- **Study material**:
───
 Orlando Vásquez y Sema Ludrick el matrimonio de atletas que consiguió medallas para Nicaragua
───
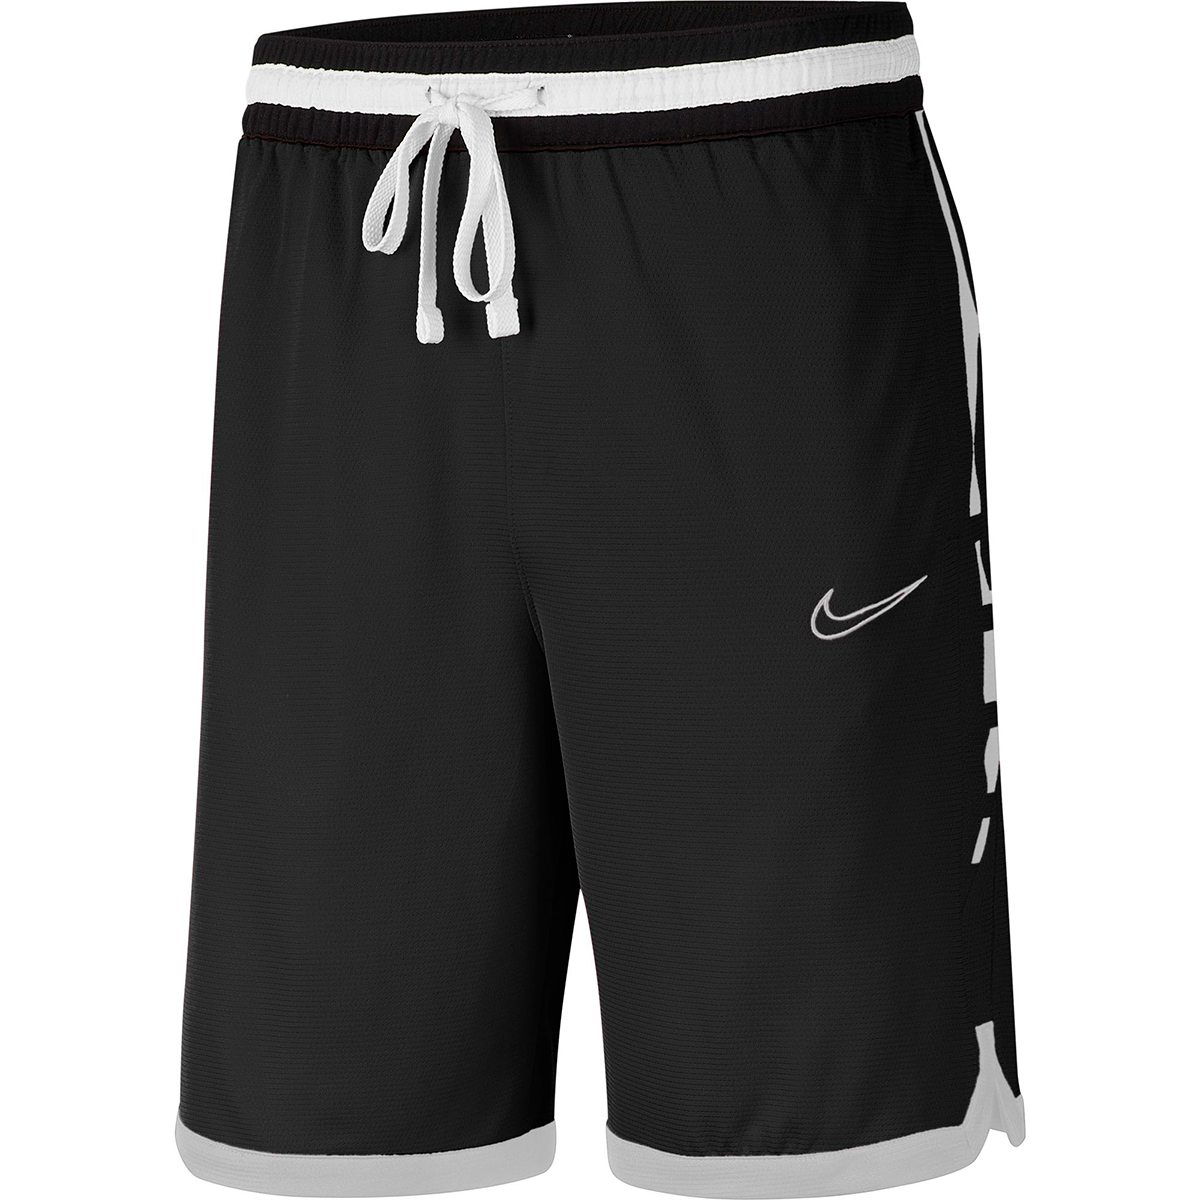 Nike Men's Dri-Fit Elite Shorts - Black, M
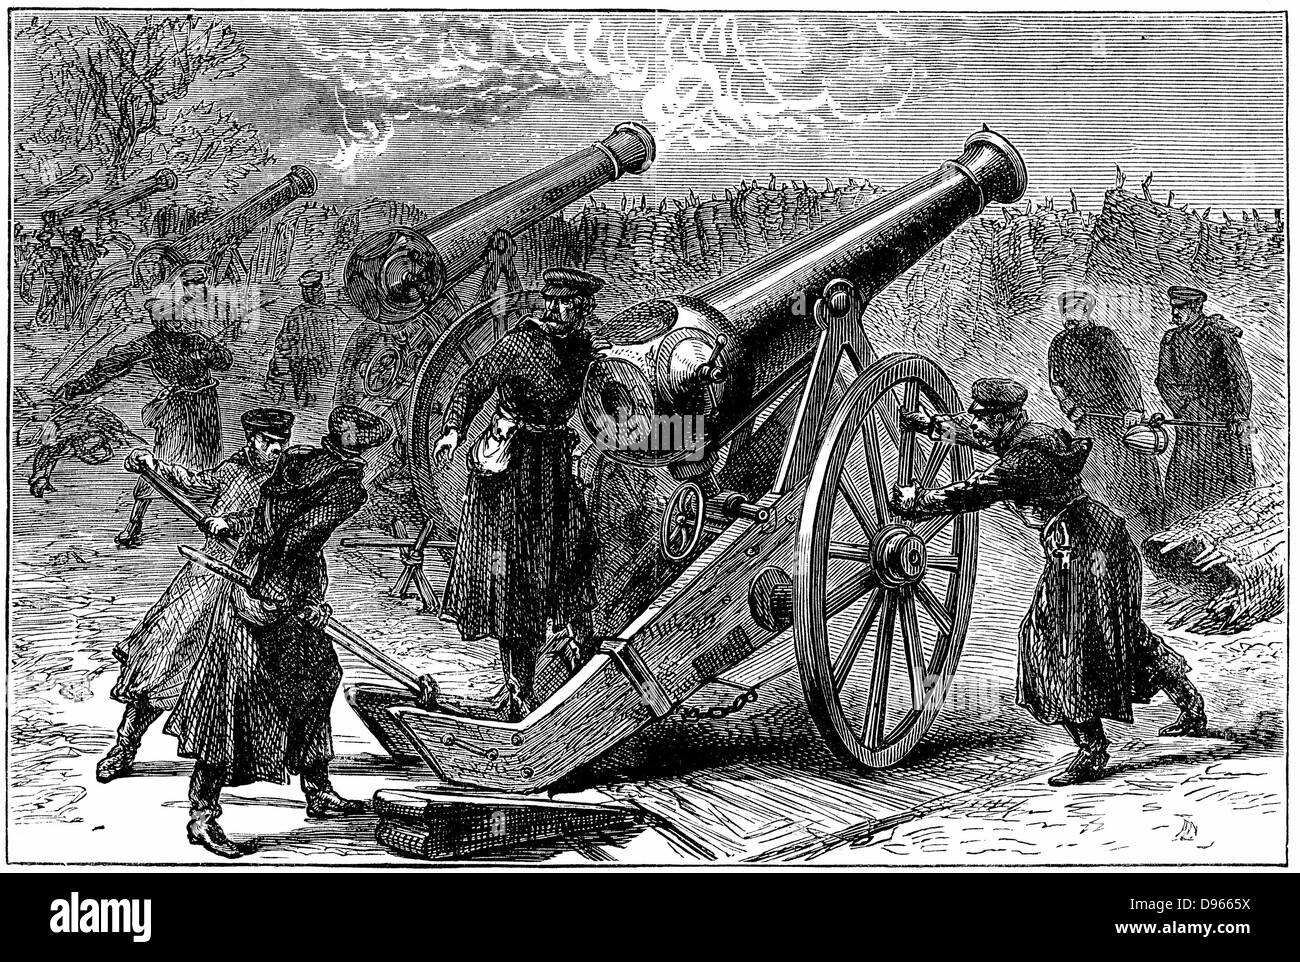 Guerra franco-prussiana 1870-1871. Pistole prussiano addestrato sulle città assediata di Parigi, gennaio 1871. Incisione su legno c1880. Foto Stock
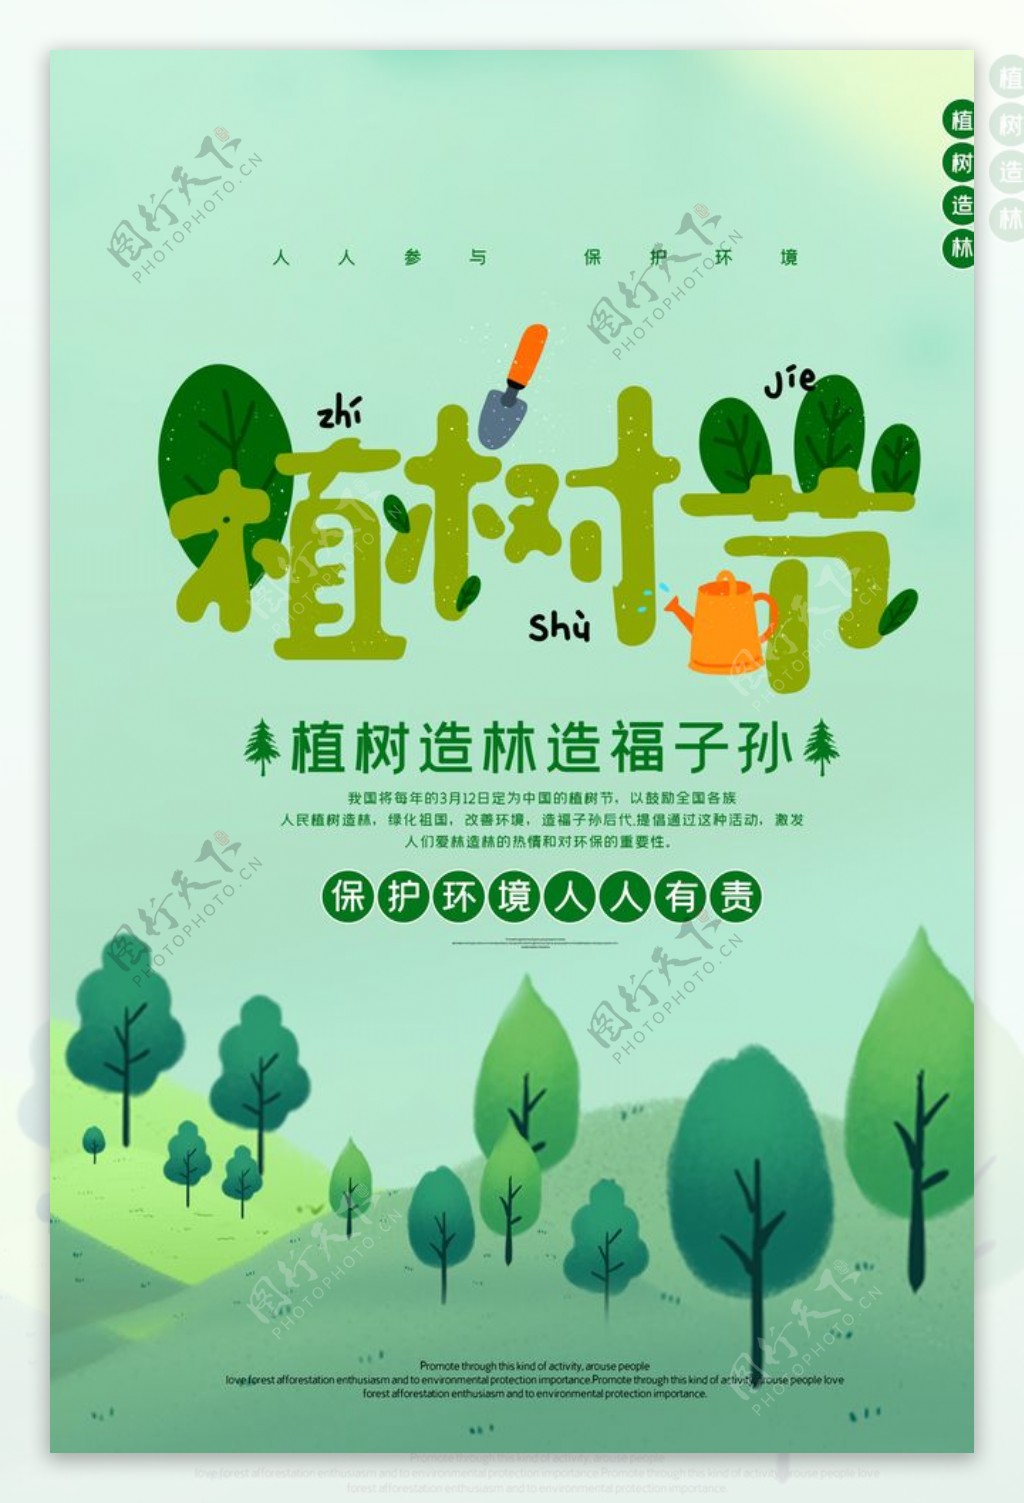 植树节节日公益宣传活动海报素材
───
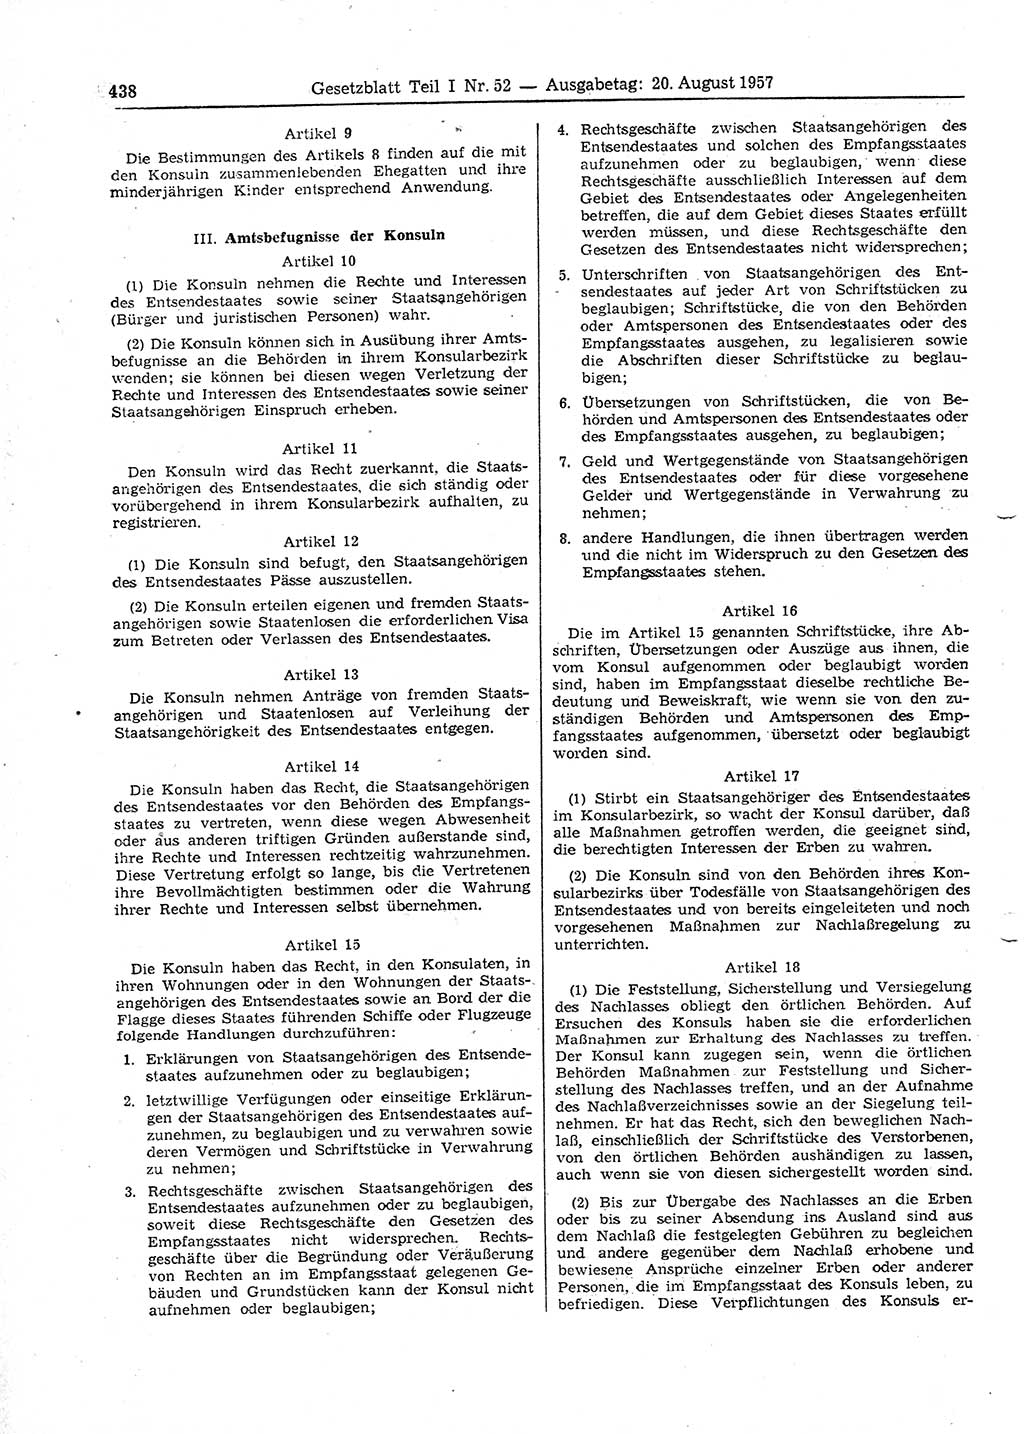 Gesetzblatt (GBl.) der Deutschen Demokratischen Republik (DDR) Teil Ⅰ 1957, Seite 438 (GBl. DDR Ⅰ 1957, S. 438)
───
- **Goal of the exercise**: Reproduce the listing above only between the lines holding "Nike Men's Dri-Fit Elite Shorts - Black, M" and "植树节节日公益宣传活动海报素材", inclusive. Every line must match exactly, and pictures are dropped.

- **Exercise answer**:
 Nike Men's Dri-Fit Elite Shorts - Black, M
 Guerra franco-prussiana 1870-1871. Pistole prussiano addestrato sulle città assediata di Parigi, gennaio 1871. Incisione su legno c1880. Foto Stock
 植树节节日公益宣传活动海报素材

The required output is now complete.